Exercise: How do the lines read from the one holding "Website Development Company" through the last line of the listing? Set them down exactly, pictures omitted.

Available data:
· · ·

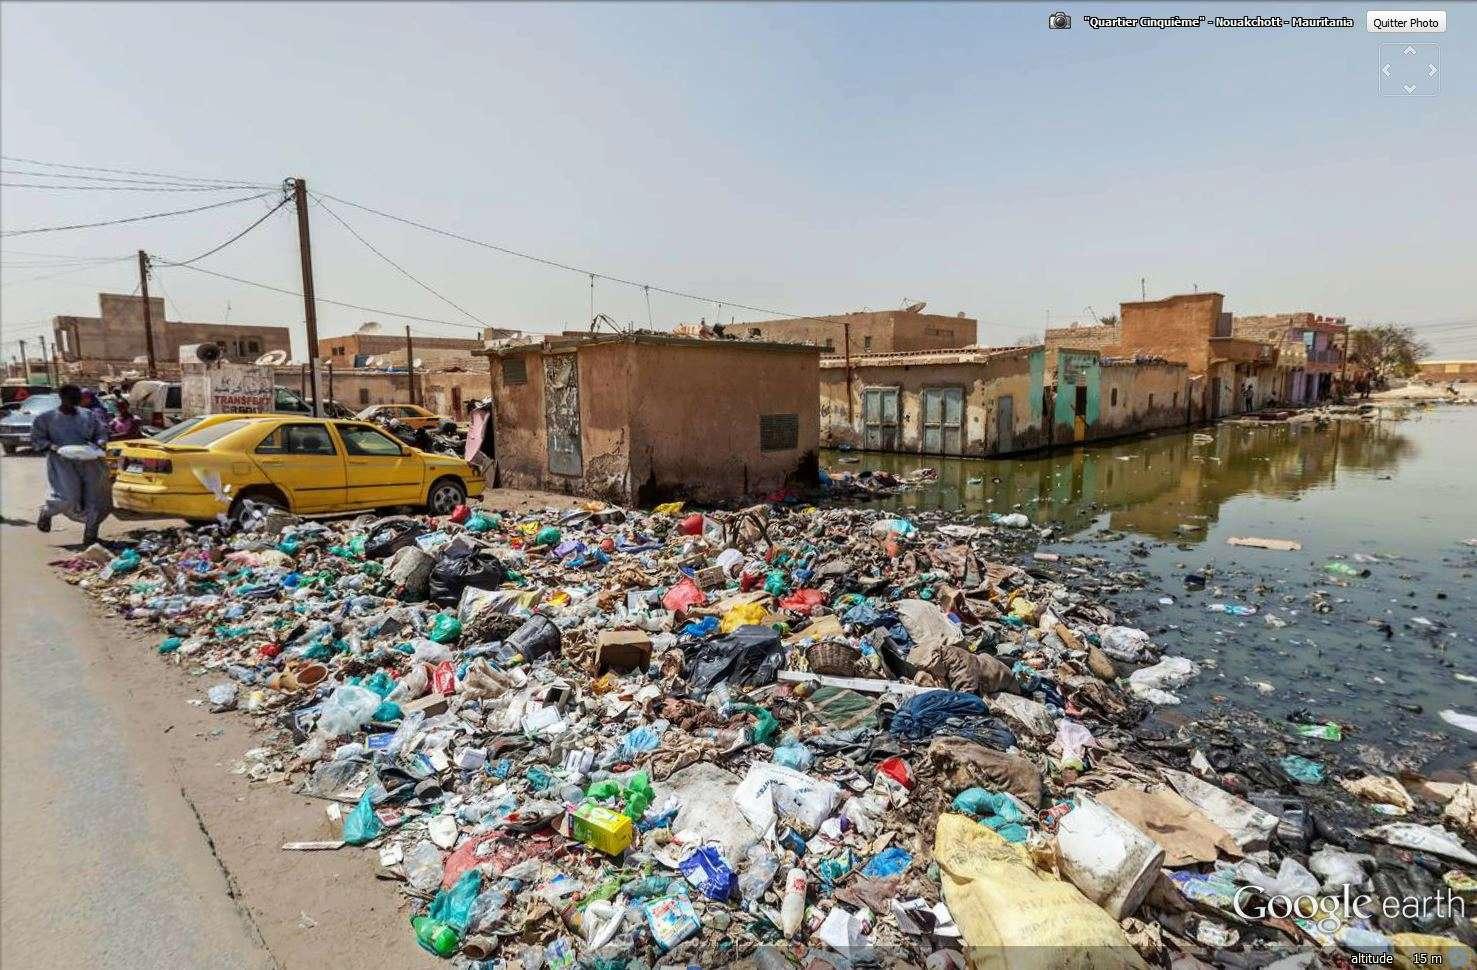 En Afrique avec 360 Cities - Page 2 Sans_t61
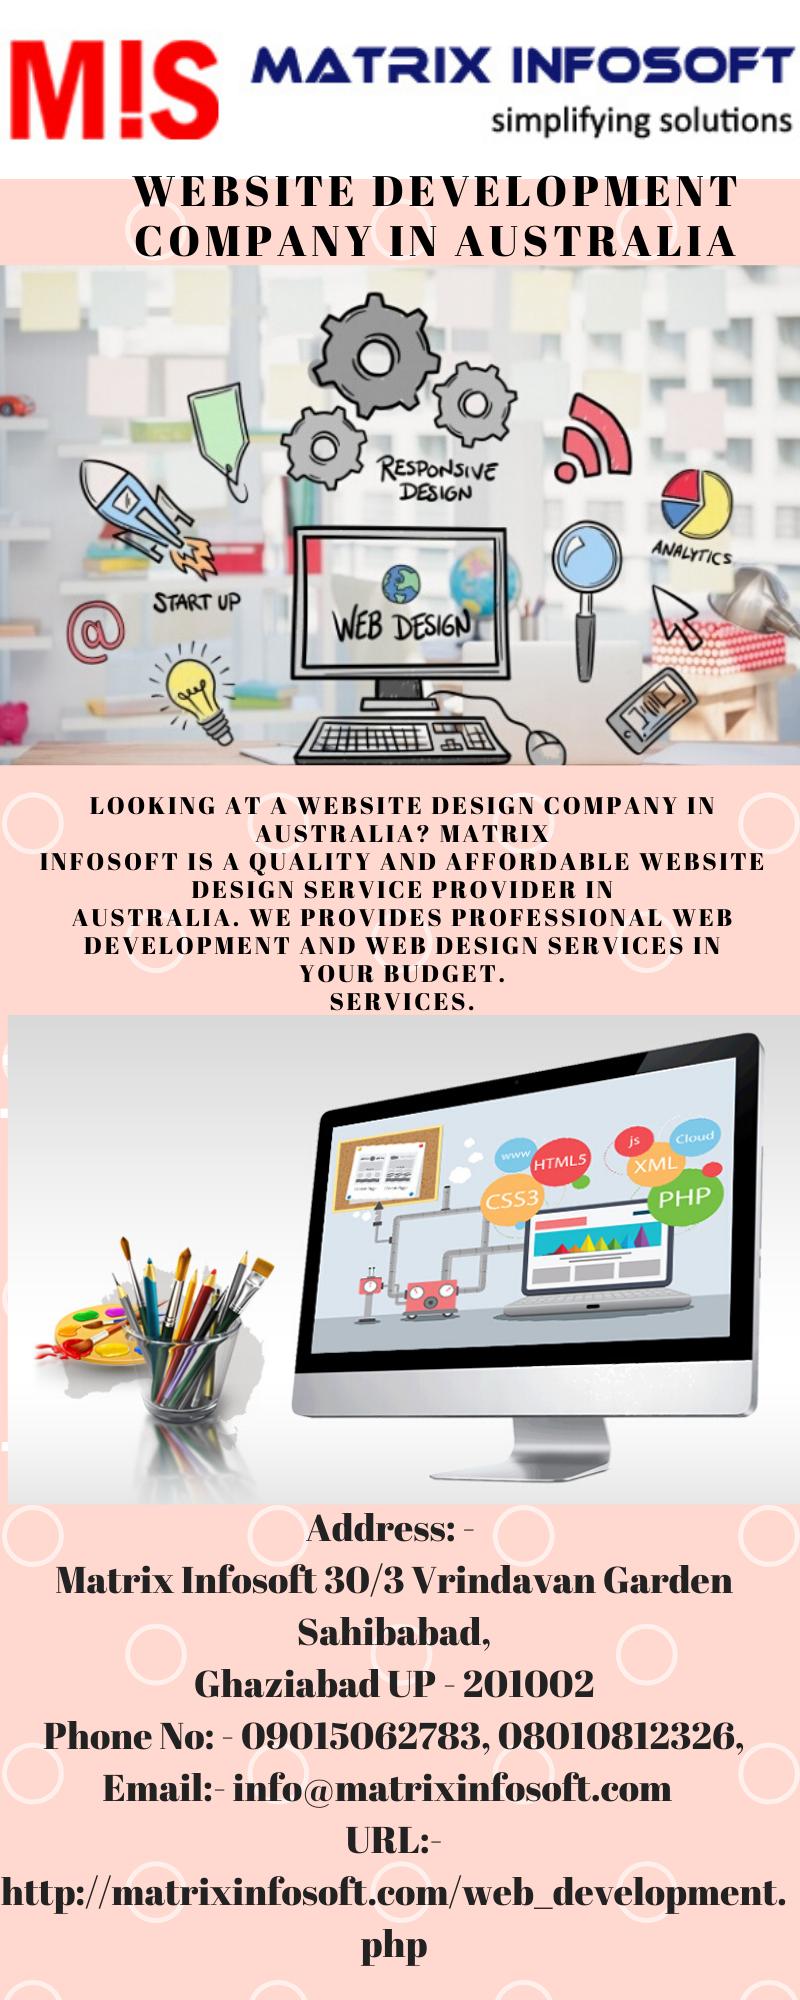 Website Development Company In Australia In 2020 Website Design Services Website Development Website Design Company
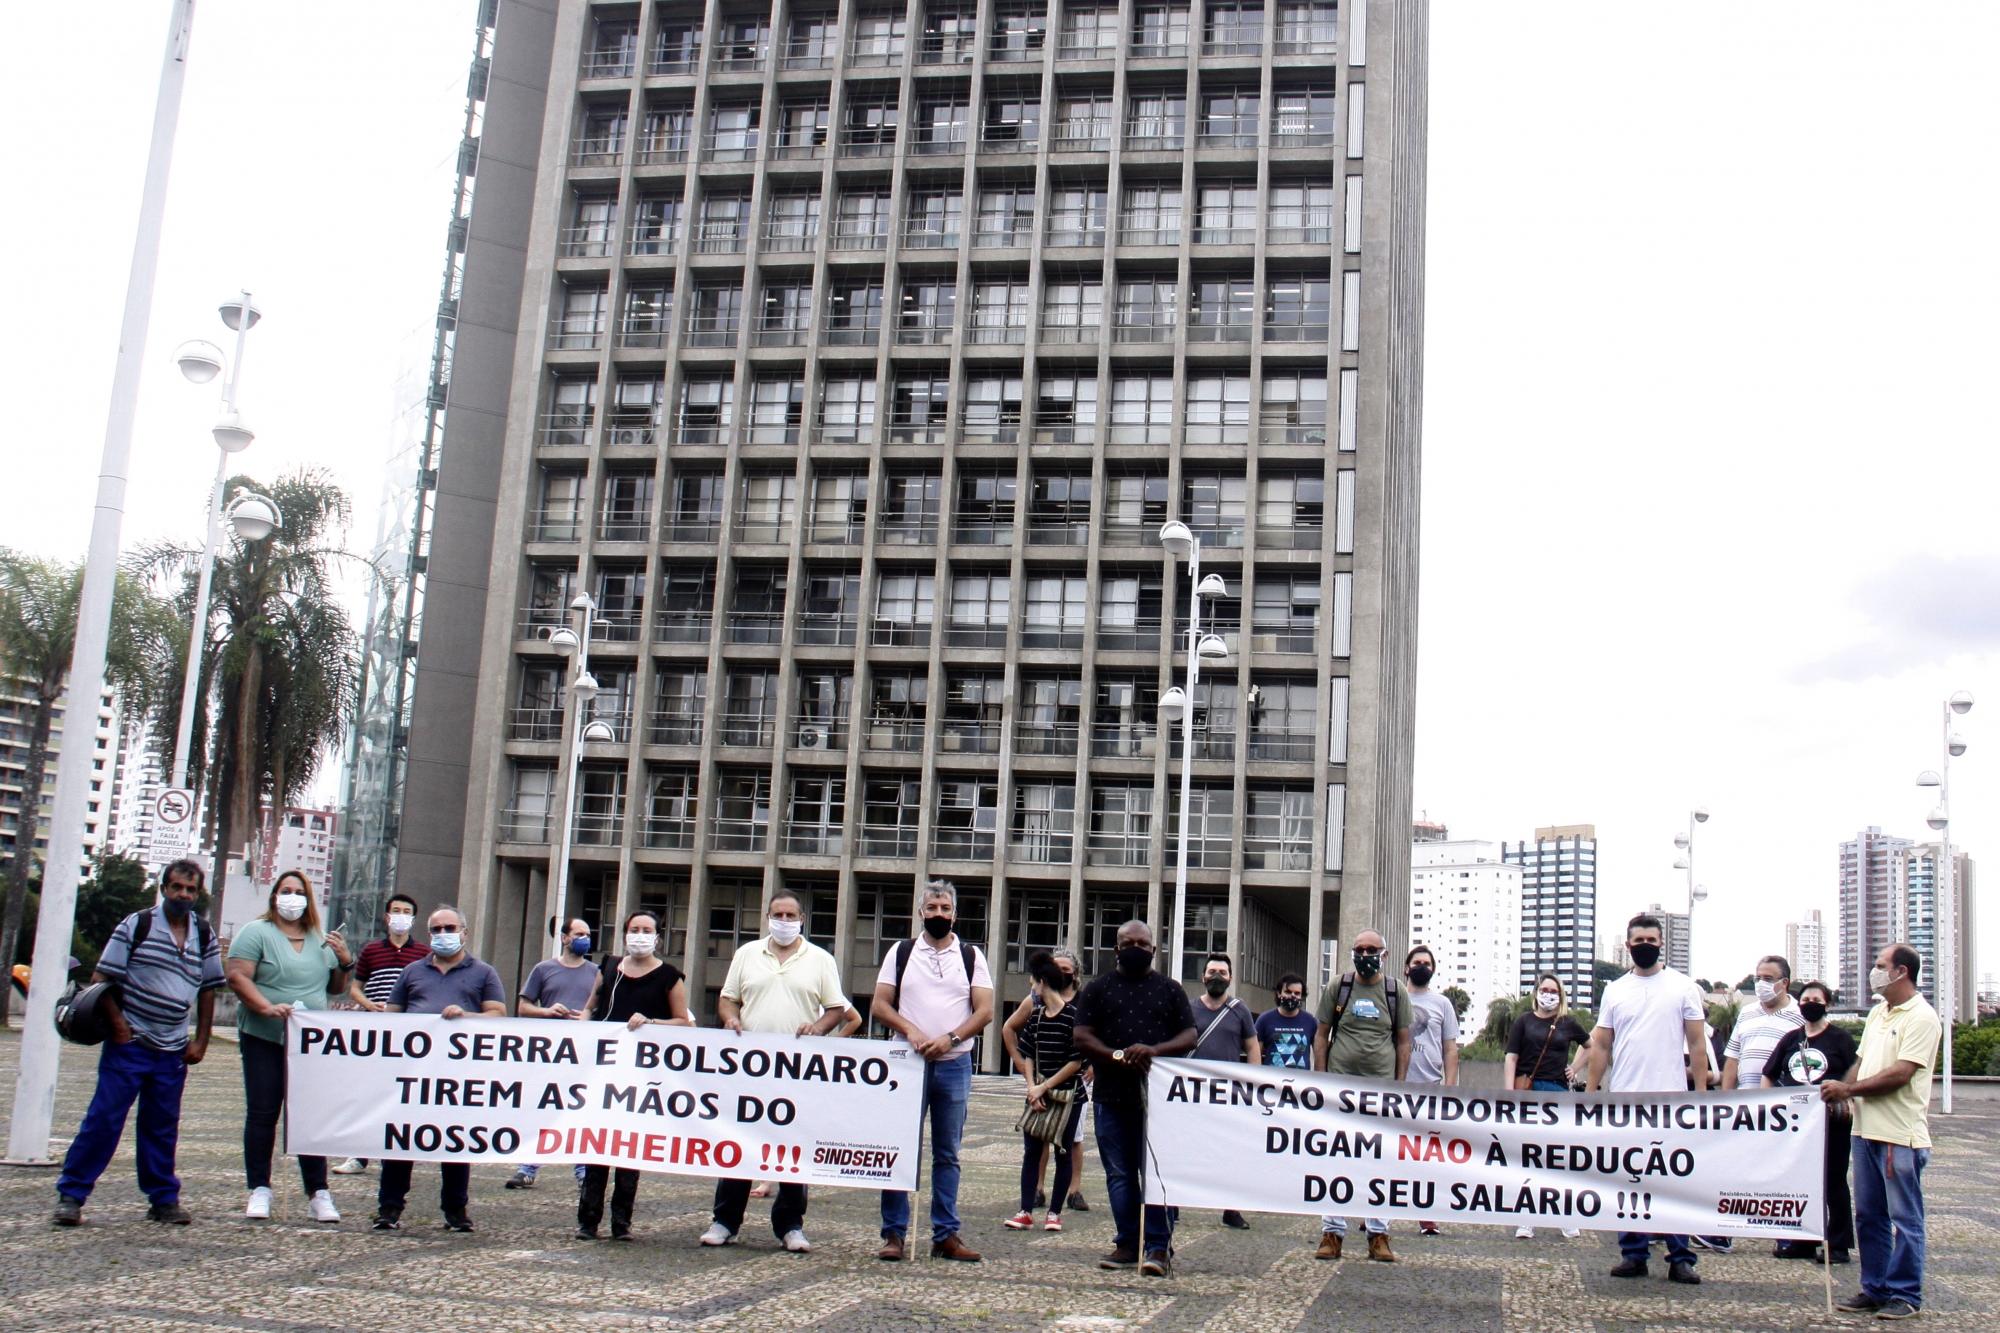 Imagem de Confisco nos salários: Sindserv Santo André ingressa com Ação Judicial contra Prefeitura

· · ·

Exercise output:
 Website Development Company In Australia In 2020 Website Design Services Website Development Website Design Company
 Imagem de Confisco nos salários: Sindserv Santo André ingressa com Ação Judicial contra Prefeitura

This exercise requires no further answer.